Applying Lemma 8.2 below with $\rho(n)=n^{-0.0005}$ and $\epsilon=\frac{1}{48}$ completes the proof. ∎

Lemma 8.2 (Parallel Repetition Criterion).

Let ${\cal G}=({\cal X},{\cal Y},Q,W)$ be a game, and let $P$ denote $Q^{n}$ . Suppose $\rho:{\mathbb{Z}}^{+}\to{\mathbb{R}}$ is a function with $\rho(n)\geq e^{-O(n)}$ and $\epsilon>0$ is a constant such that for all $E=E_{1}\times\cdots E_{k}\subseteq{\cal X}^{n}$ with $P^{n}(E)\geq\rho(n)$ there exists $j$ such that $v^{j}\big{(}{\cal G}^{n}|(P|E)\big{)}\leq 1-\epsilon$ . Then

v({\cal G}^{n})\leq\rho(n)^{\Omega(1)}.

Proof.

Fix any $f=f_{1}\times\cdots\times f_{k}:{\cal X}^{n}\to{\cal Y}^{n}$ . Consider the probability space defined by sampling ${X}\leftarrow P^{n}$ , and let ${Y}=f({X})$ . We define additional random variables $J_{1},\ldots,J_{n}\in[n]$ and $Z_{1},\ldots,Z_{n}\in{\cal X}\times{\cal Y}$ where $J_{1}$ is an arbitrary fixed value, $Z_{i}\stackrel{{\scriptstyle\mathsf{def}}}{{=}}({X}^{J_{i}},{Y}^{J_{i}})$ for all $i$ , and $J_{i+1}$ depends deterministically on ${Z}_{\leq i}\stackrel{{\scriptstyle\mathsf{def}}}{{=}}(Z_{1},\ldots,Z_{i})$ as follows. When ${Z}_{\leq i}={z}_{\leq i}$ , $J_{i+1}$ is defined to be a value $j\in[n]$ that minimizes $P^{n}\big{(}W(X^{j},Y^{j})=1\big{|}{Z}_{\leq i}={z}_{\leq i}\big{)}$ . With these definitions, each event $\{Z_{\leq i}=z_{\leq i}\}$ is a product event. In particular, if $P^{n}({Z}_{\leq i}={z}_{\leq i})\geq\rho(n)$ then $P^{n}\big{(}W(X^{J_{i+1}},Y^{J_{i+1}})=1\big{|}{Z}_{\leq i}={z}_{\leq i}\big{)}\leq 1-\epsilon$ .

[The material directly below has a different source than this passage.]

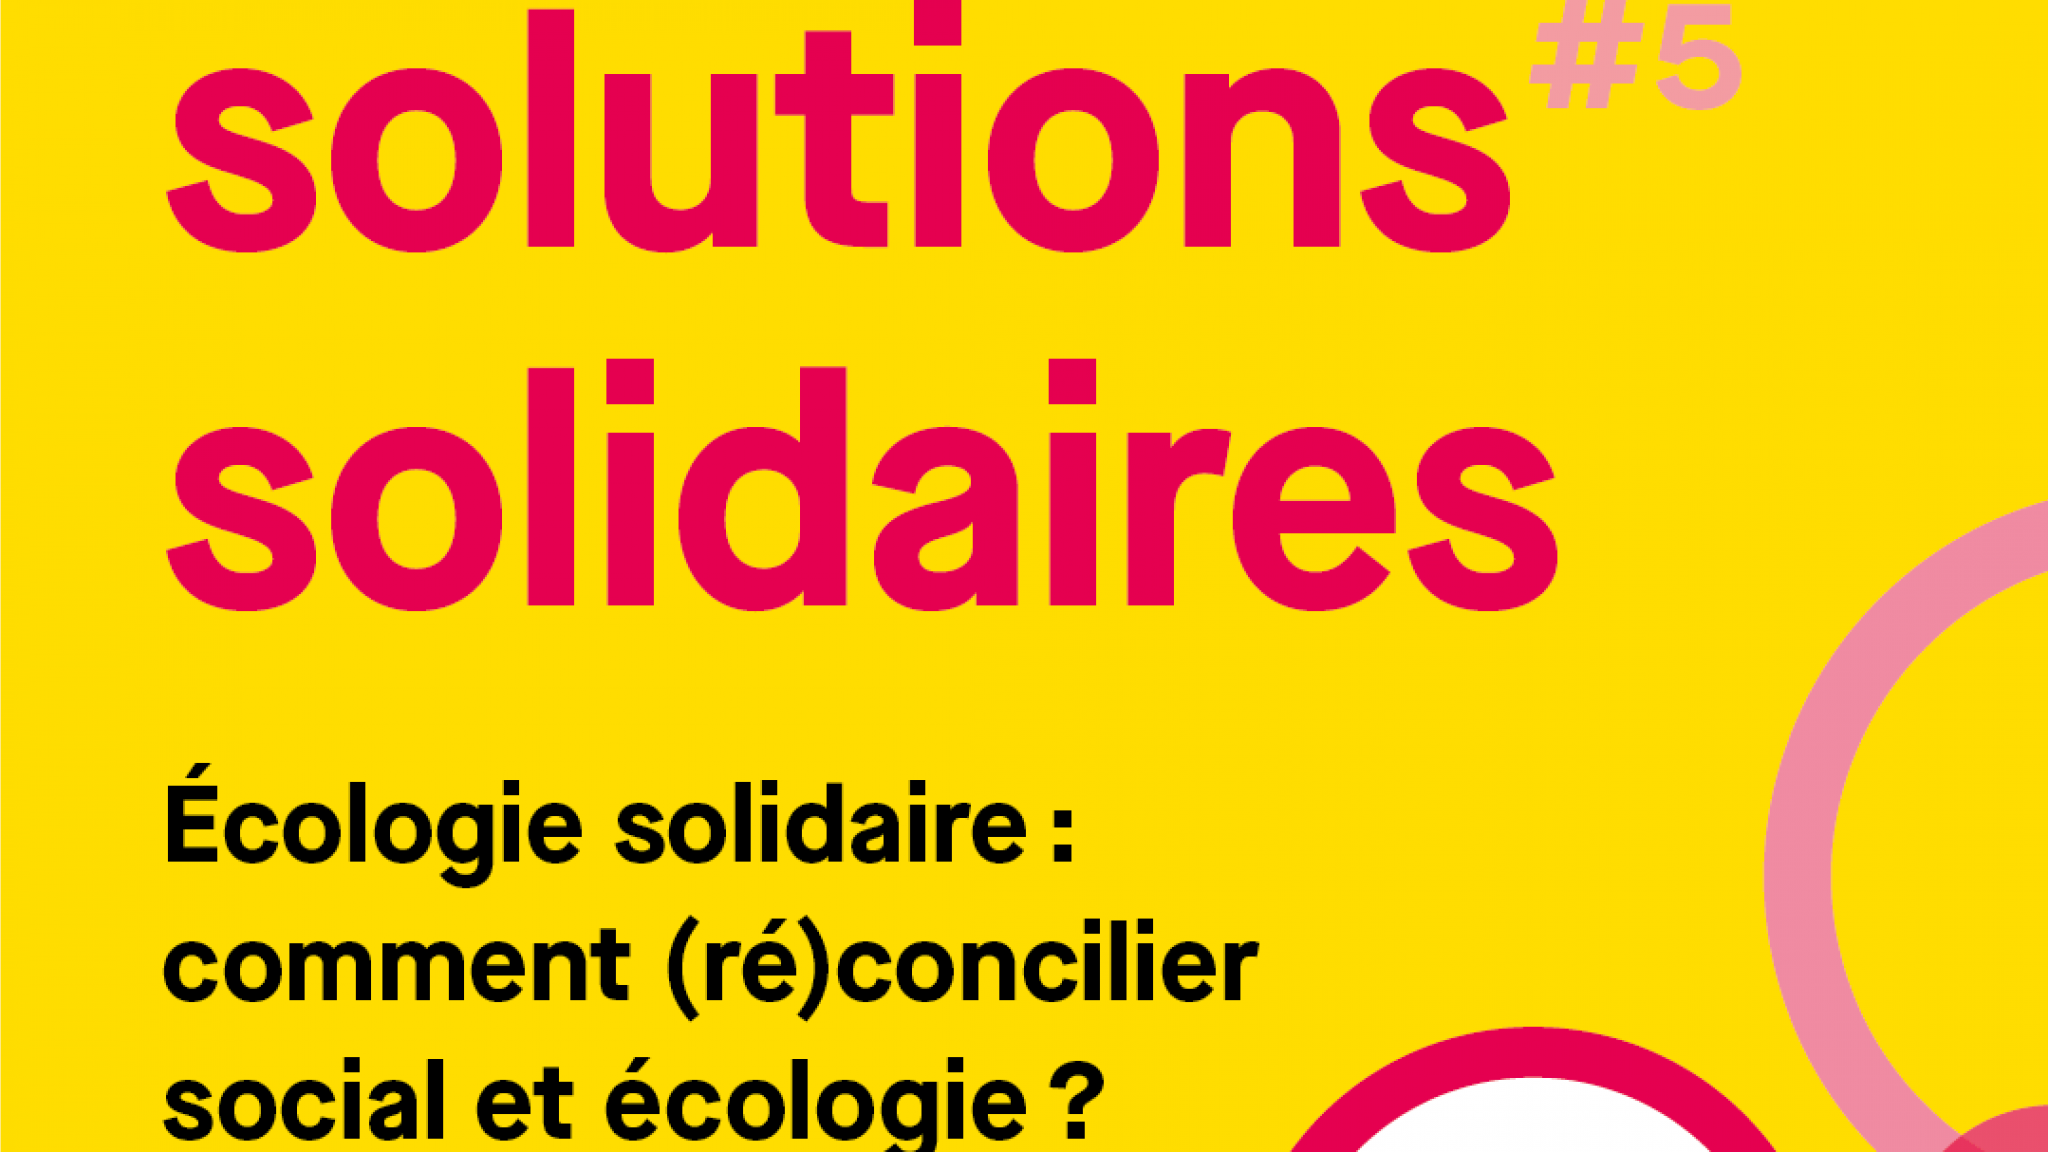 5e édition des solutions solidaires autour de l'écologie solidaire
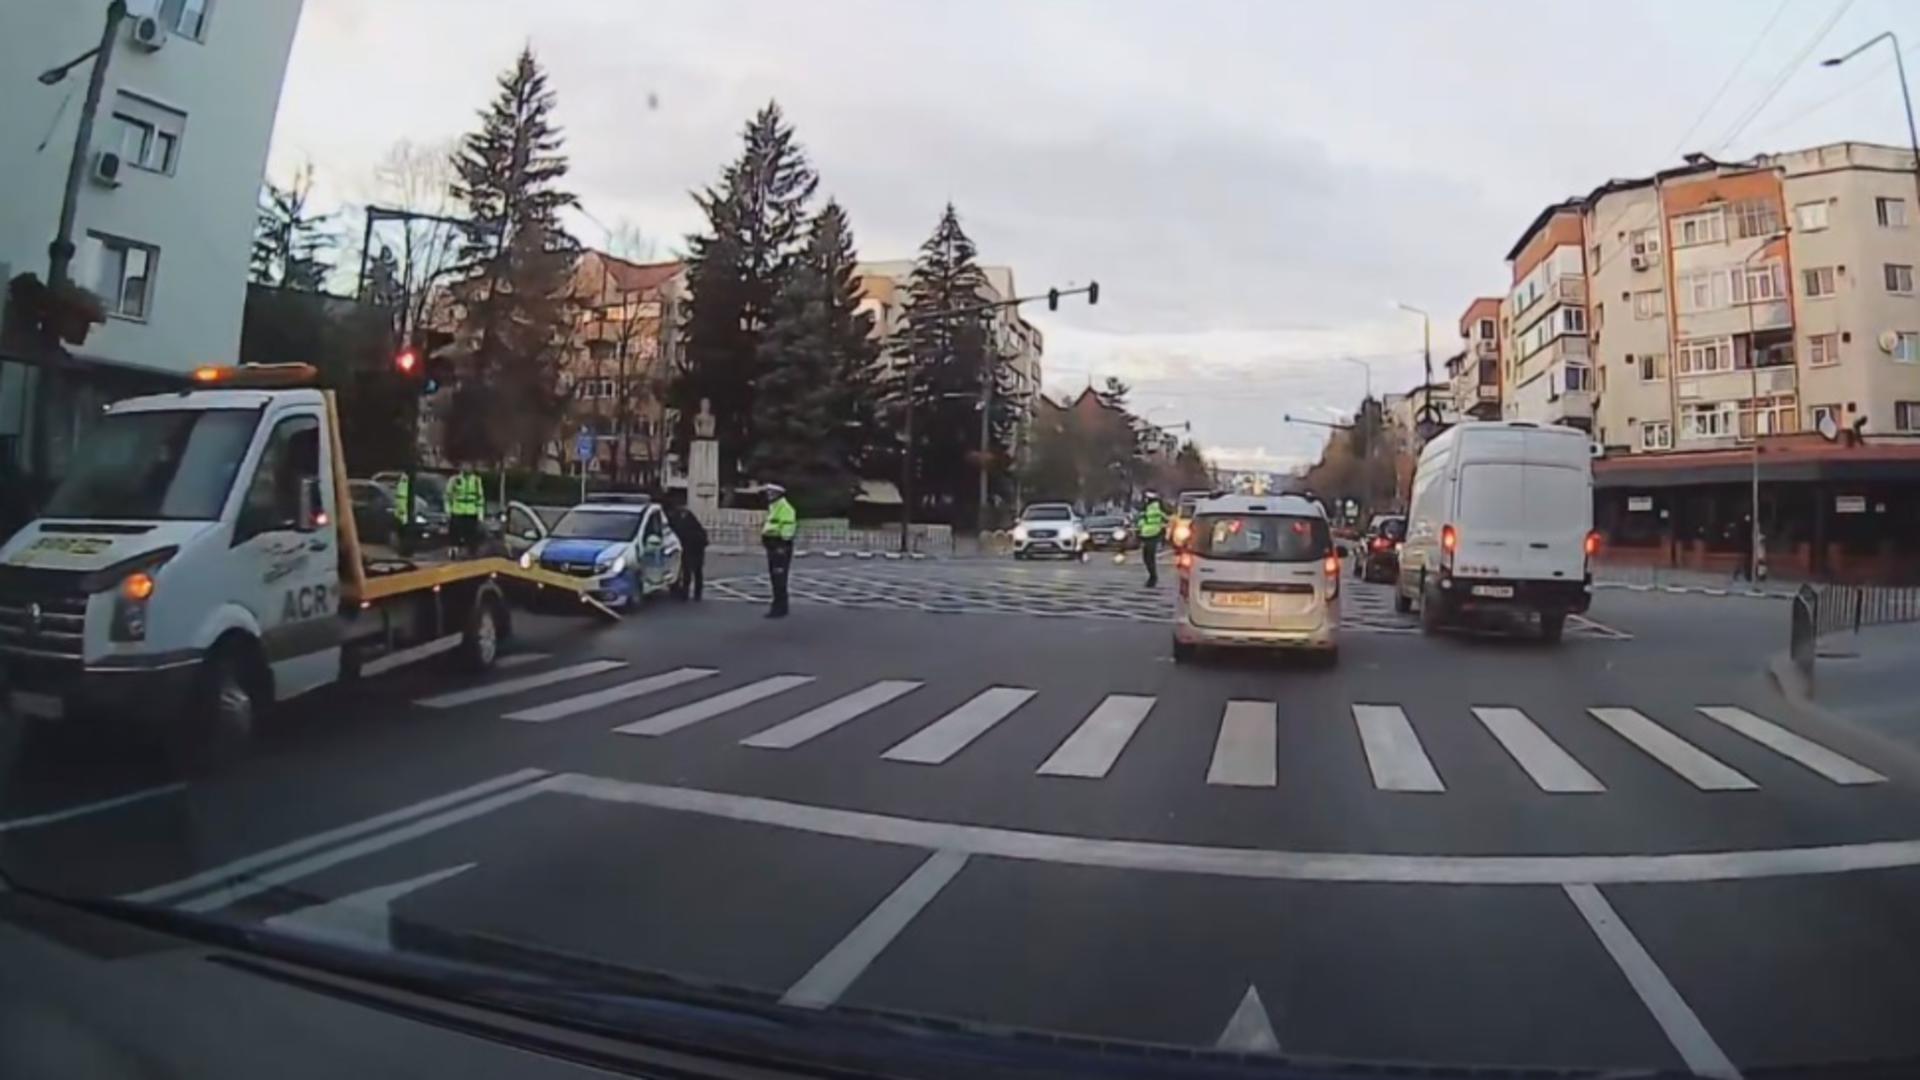 Carambol cu mașina poliției, în Vâlcea. Din fericire, nicio persoană nu a fost rănită VIDEO

Let $\textsc{Win}_{i}$ denote the event that $W(Z_{i})=1$ , let $\textsc{Win}_{\leq i}$ denote the event $\textsc{Win}_{1}\land\cdots\land\textsc{Win}_{i}$ , and let $w_{i}$ denote $P^{n}\big{(}\textsc{Win}_{\leq i}\big{)}$ . Since $\textsc{Win}_{\leq i}$ is the union of some subset of the $|{\cal X}|^{i}\cdot|{\cal Y}|^{i}$ disjoint product events $\{{Z}_{\leq i}={z}_{\leq i}\}$ , we have

\Pr_{{z}_{\leq i}\leftarrow P^{n}_{{Z}_{\leq i}|\textsc{Win}_{\leq i}}}\left[P^{n}({Z}_{\leq i}={z}_{\leq i})\geq\rho(n)\right]\geq 1-|{\cal X}|^{i}\cdot|{\cal Y}|^{i}\cdot\frac{\rho(n)}{w_{i}}.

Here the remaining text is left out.